The plight of the pangolin: One of the planet's most extraordinary and intelligent animals is being hunted to extinction

 

It is an enigmatic and highly intelligent animal known as a "mischievous escape artist". However, the luck of the pangolin has finally run out, say conservationists. This extraordinary creature is being slaughtered on an industrial scale and faces being eaten to extinction.

Believed to be the world's most trafficked animal, a single pangolin can fetch as much as $7,000 (£4,300) on the black market.

The pangolin – unique among mammals because of its reptilian scales – is considered a delicacy in parts of Asia. Its scales are also used in traditional Chinese medicine to treat conditions that include inward-growing eyelashes, boils and poor circulation.

Its conservation status is being reviewed by the International Union for the Conservation of Nature (IUCN) and two species, the Chinese and the sunda (Malayan pangolin), are likely to be designated as "critically endangered" next year.

Pangolins, largely nocturnal ant-eaters, roll up in a ball when threatened and their scales are so tough that a lion cannot bite through them. But this defence mechanism makes it easy prey for poachers.

However, Dan Challender, of the IUCN said the "mischievous" animals were famed as "escape artists". Traffickers have been known to nail their tails to the floor to prevent them running away.

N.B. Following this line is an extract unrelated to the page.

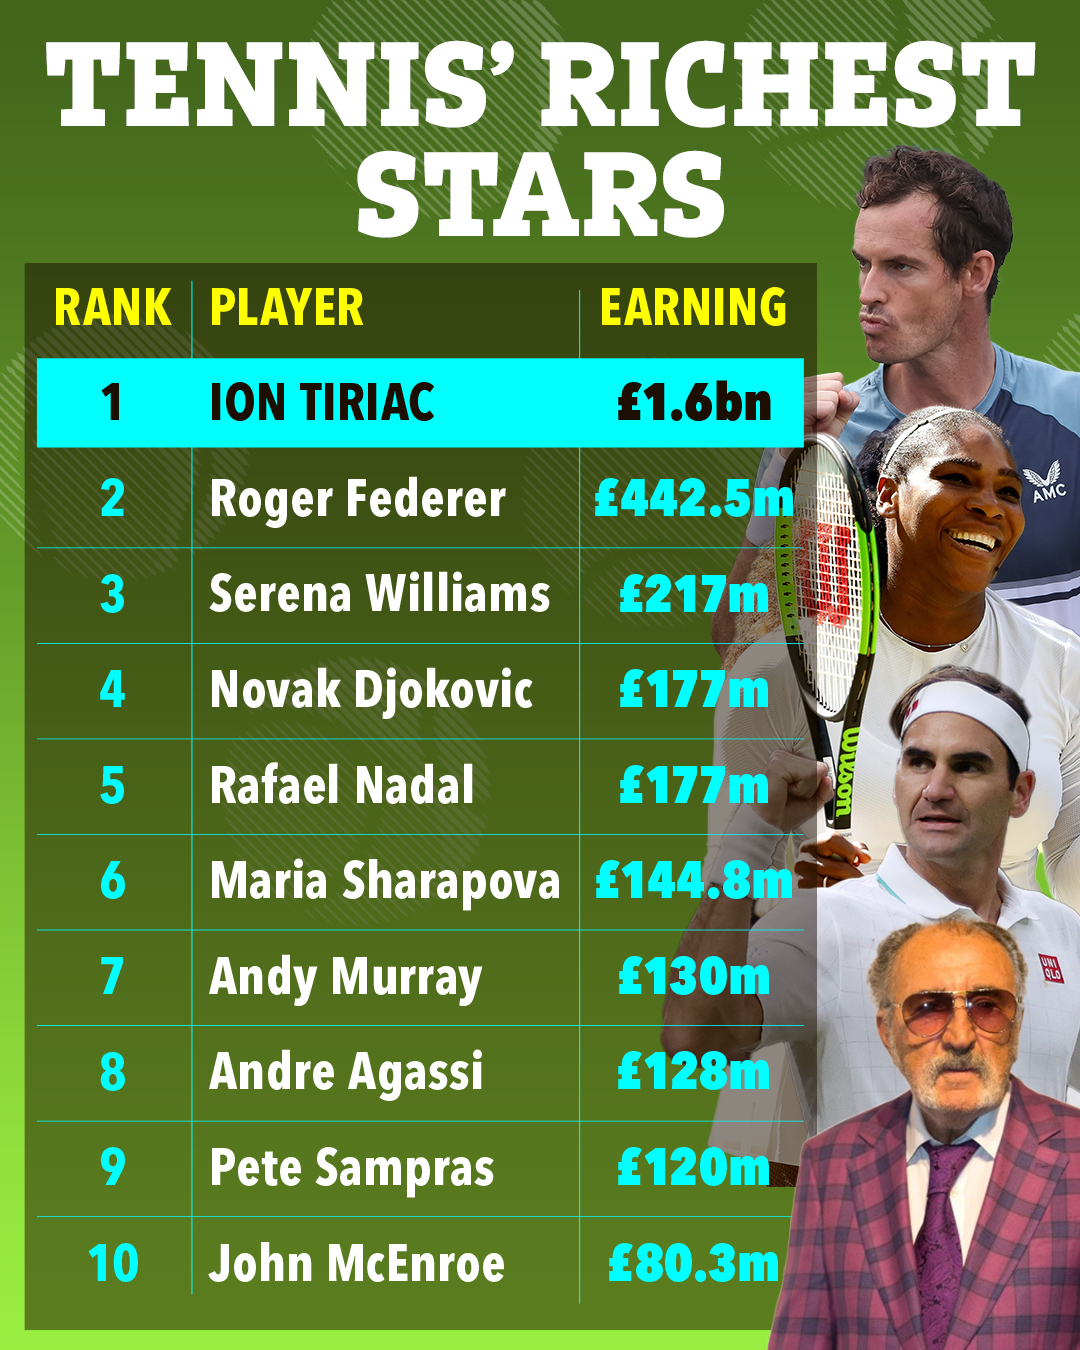 Die 10 reichsten Stars im Tennis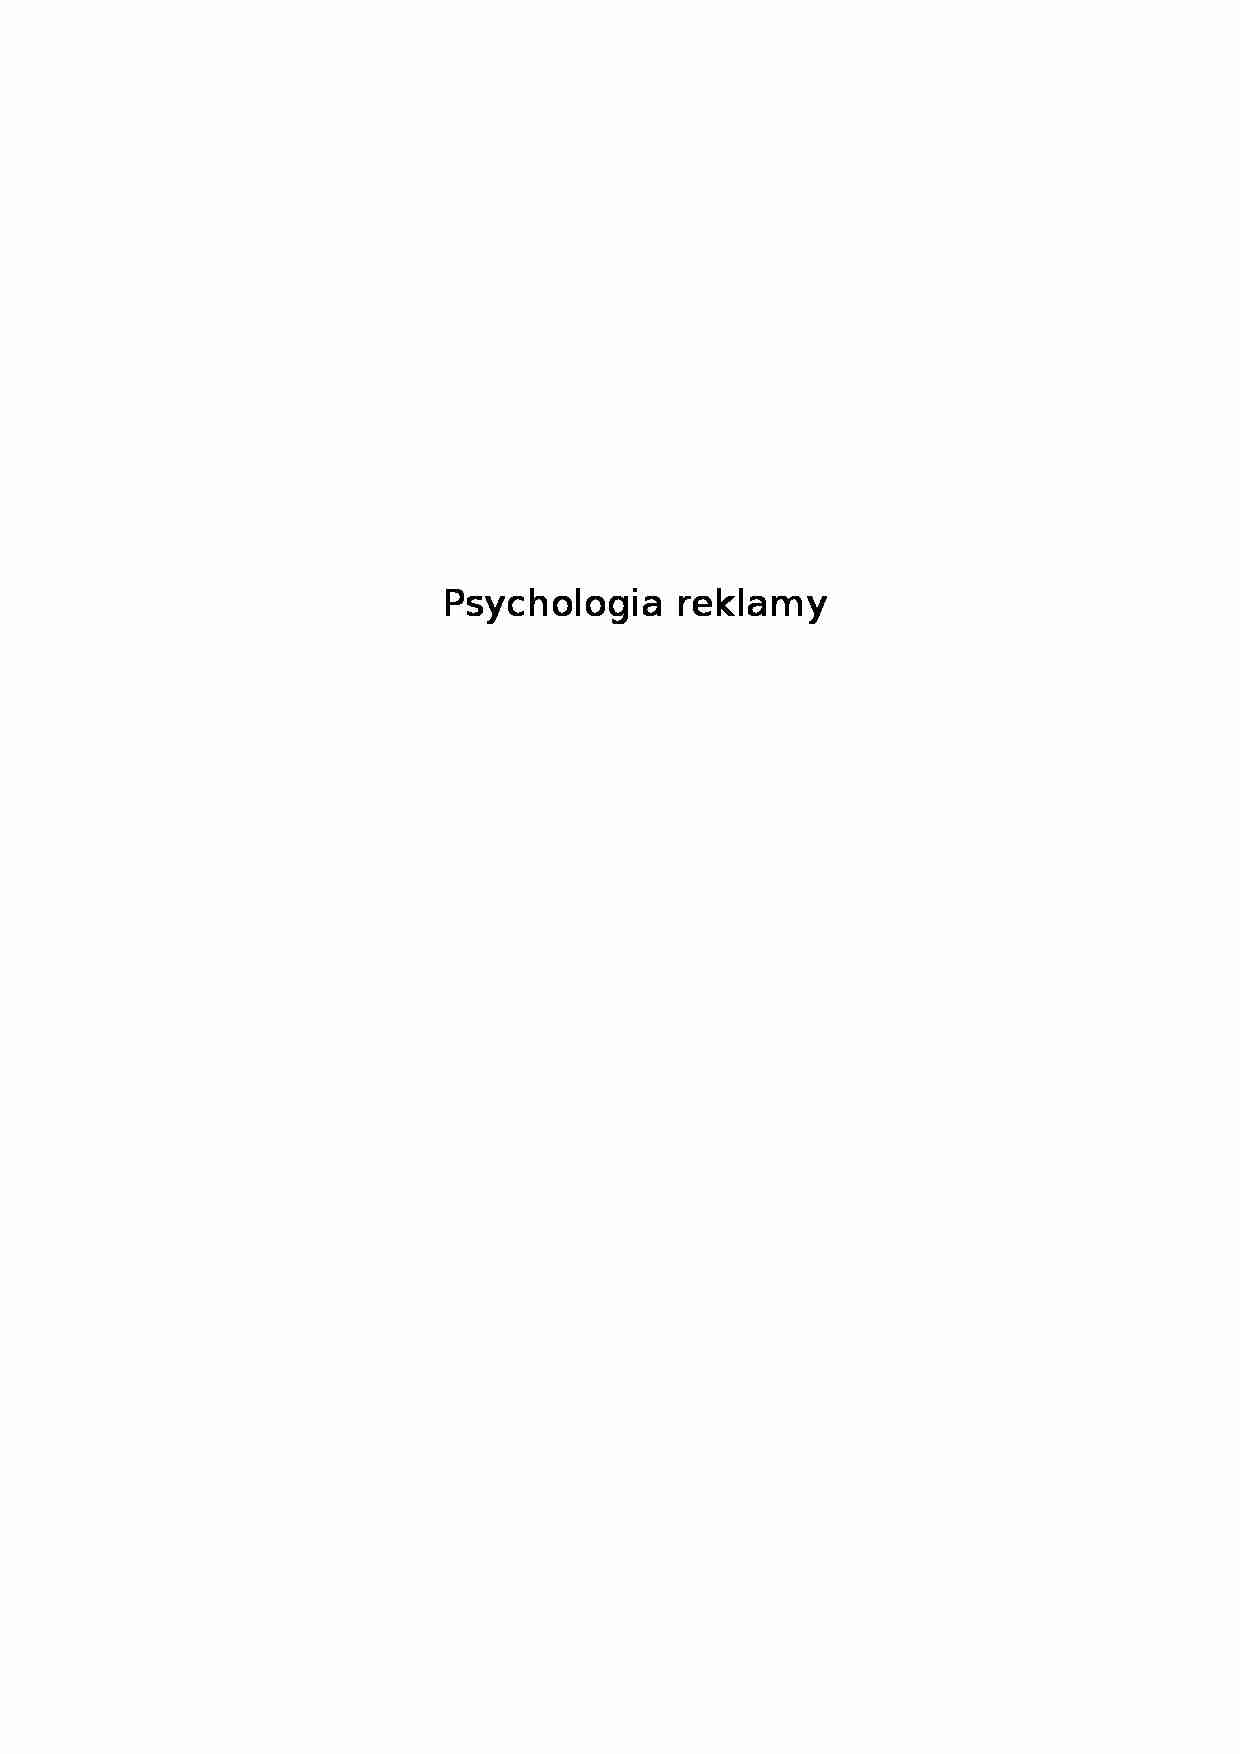 Psychologia reklamy - Emocje - strona 1

The pangolin population in China is thought to have fallen by up to 94 per cent since the 1960s. This has driven traffickers to raid populations in India, Pakistan and Africa.

Mr Challender said the four species in Asia could be extinct in as little as 20 years. The four African species may last longer.

Lisa Hywood, who takes in rescued pangolins at the Tikki Hywood Trust, a conservation centre in Harare, Zimbabwe, said: "I believe that the pangolin is as much at risk of becoming extinct as the rhino.Probably more so."